Nos sentamos a comer y cruzamos miradas. Me sonrojé, pero no porque disfrutara su lascivia, sino porque me avergonzaba que me viera así frente a los demás. Fue hace muchísimo tiempo, pero todavía recuerdo a la perfección el mantel de cuadros rojos y blancos sobre el que veía mi mano moverse. Yo contemplaba la cucharita plateada que se hundía en la sopa, para no volver a encontrarme con sus ojos. Quizás usted dude de mi palabra, pero en aquel comedor había un ambiente abrasador que resucito cada vez que siento el olor de la crema de auyama. Plateado sobre naranja, entraba la cuchara hasta que el plato estuvo vacío y no me quedó más remedio que girarme para descubrir que sus ojos seguían ahí.

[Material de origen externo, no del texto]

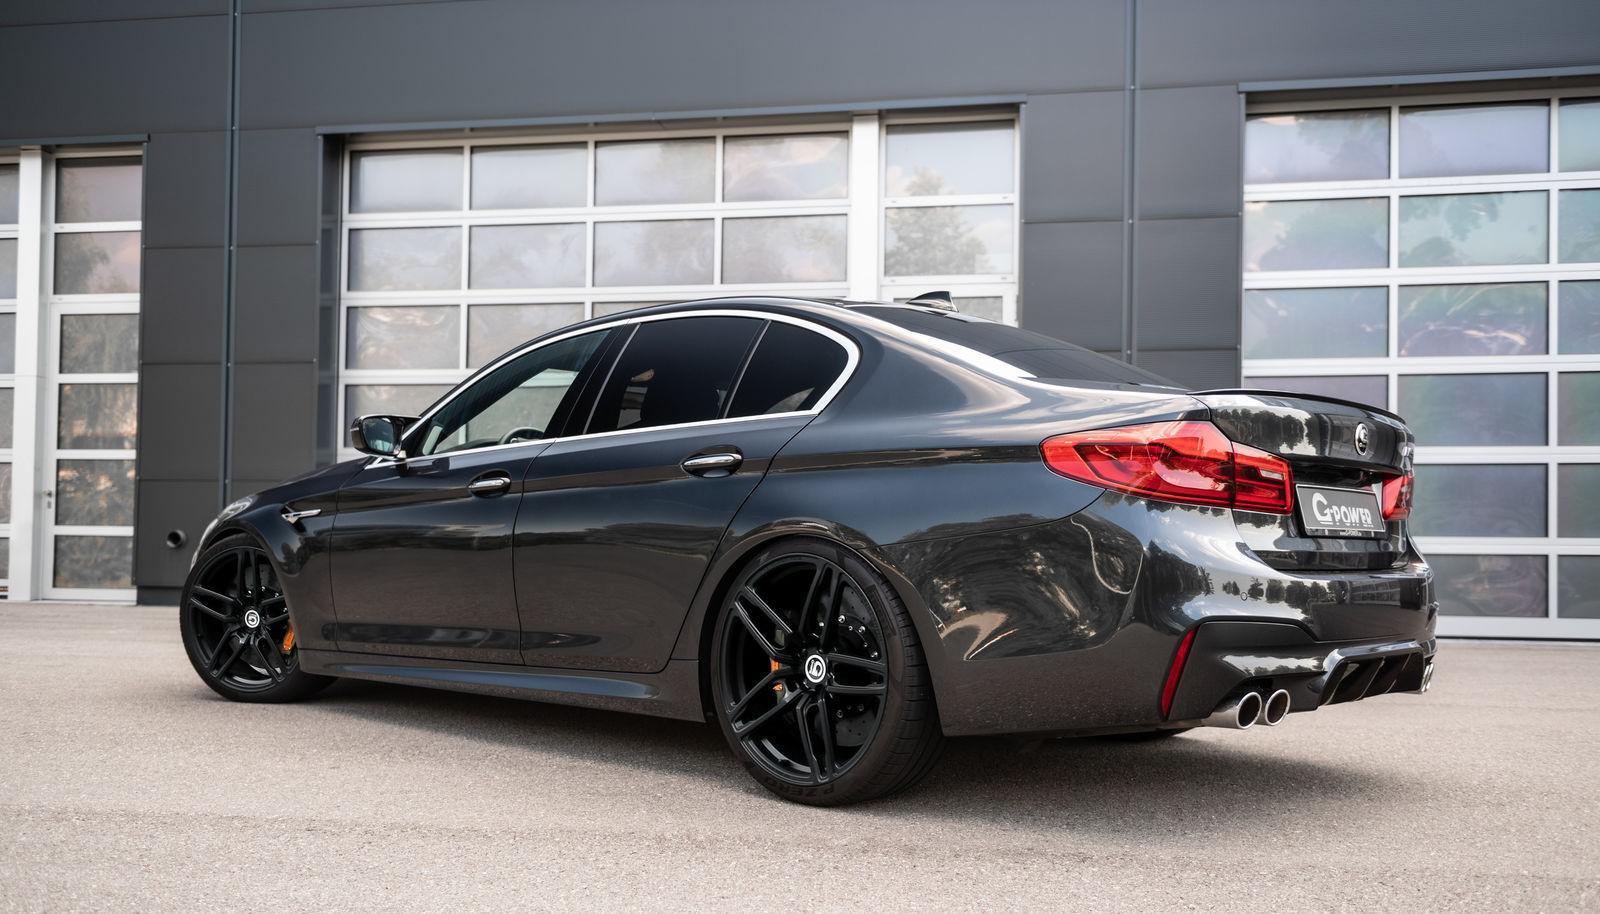 bmw-m5-f90-g-power-berline-de-puissance-avec-les-performances-d-une-super-voiture-de-sport-874-3.jpg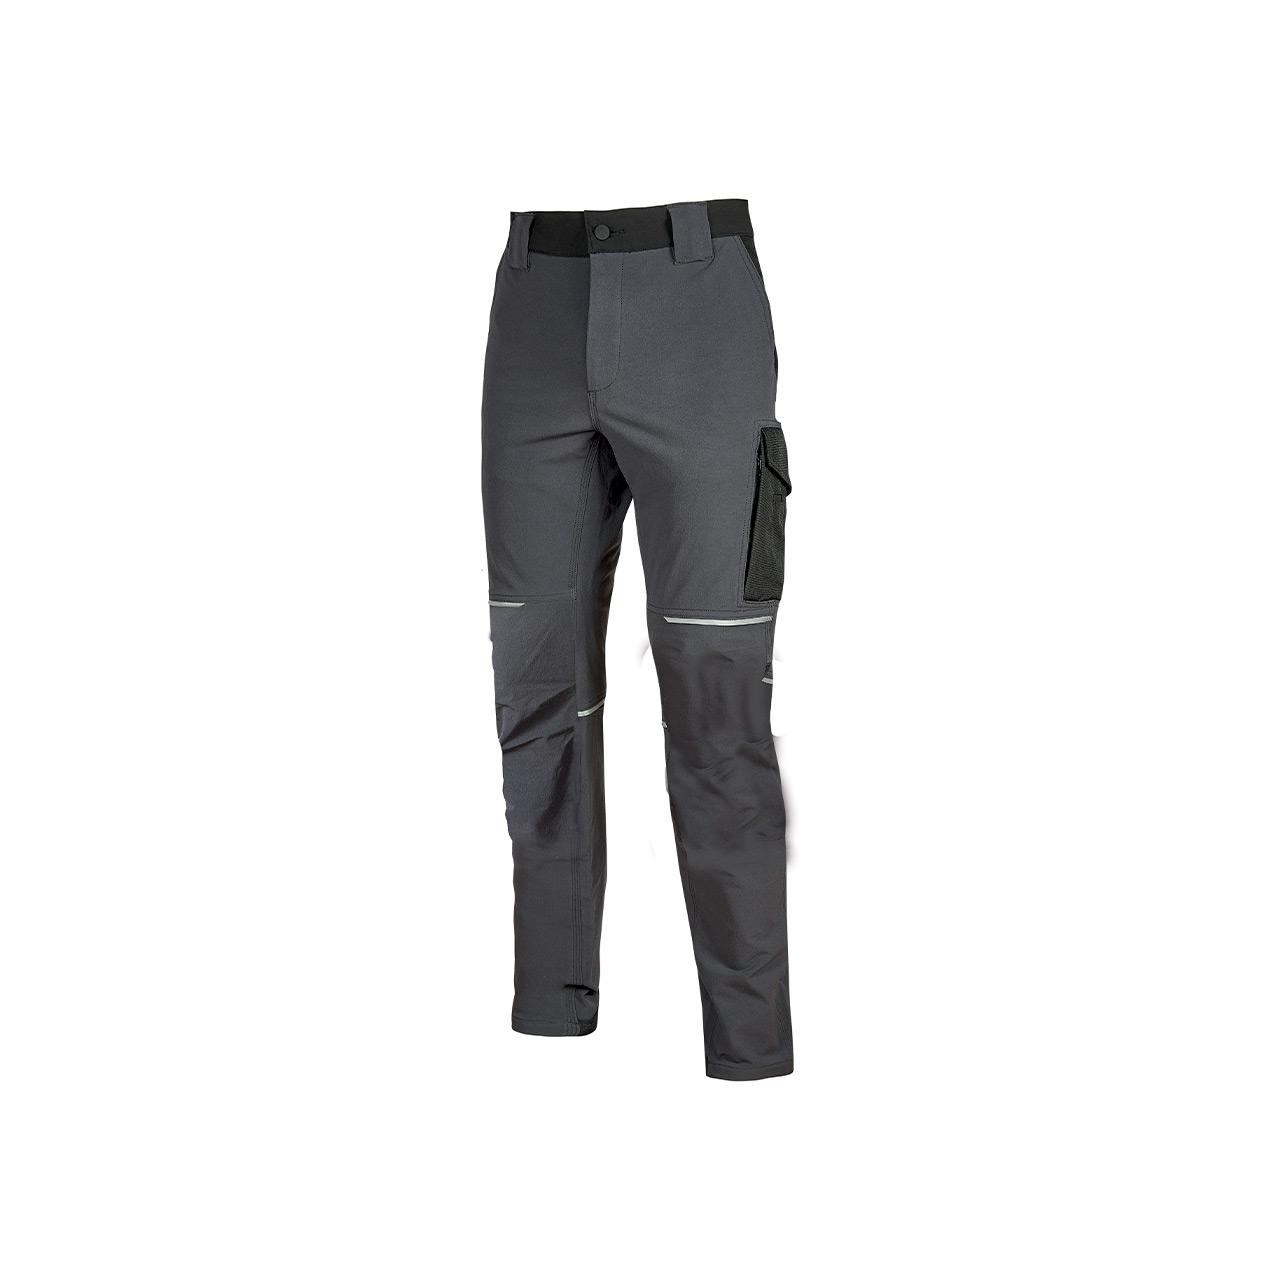 pantalone da lavoro upower modello world colore asphalt grey prodotto

Quise tranquilizarme pensando que me observaba así para evaluarme. A fin de cuentas, yo tenía un perfil raro dentro de mi promoción. Era la primera vez en la historia en la que pasábamos del régimen seminternado al internado completo y que se nos asignaba un pabellón. Me dio miedo saber que me acechaba; pero también me resultó lógico que él estuviera intentando averiguar si había sido una buena idea permitir que durmiéramos en el liceo. El postre era un bienmesabe. Había sido hasta ese momento mi dulce favorito y después de aquella noche nunca más lo pude probar. Cuando me metí el primer trozo a la boca, a la presencia asfixiante de mi teniente, se sumaron una fila acerba de recuerdos. Dos años atrás, un maldito que nunca entendió que yo no quería nada con los hombres, me había puesto una pistola en la sien y me había obligado a mamarlo.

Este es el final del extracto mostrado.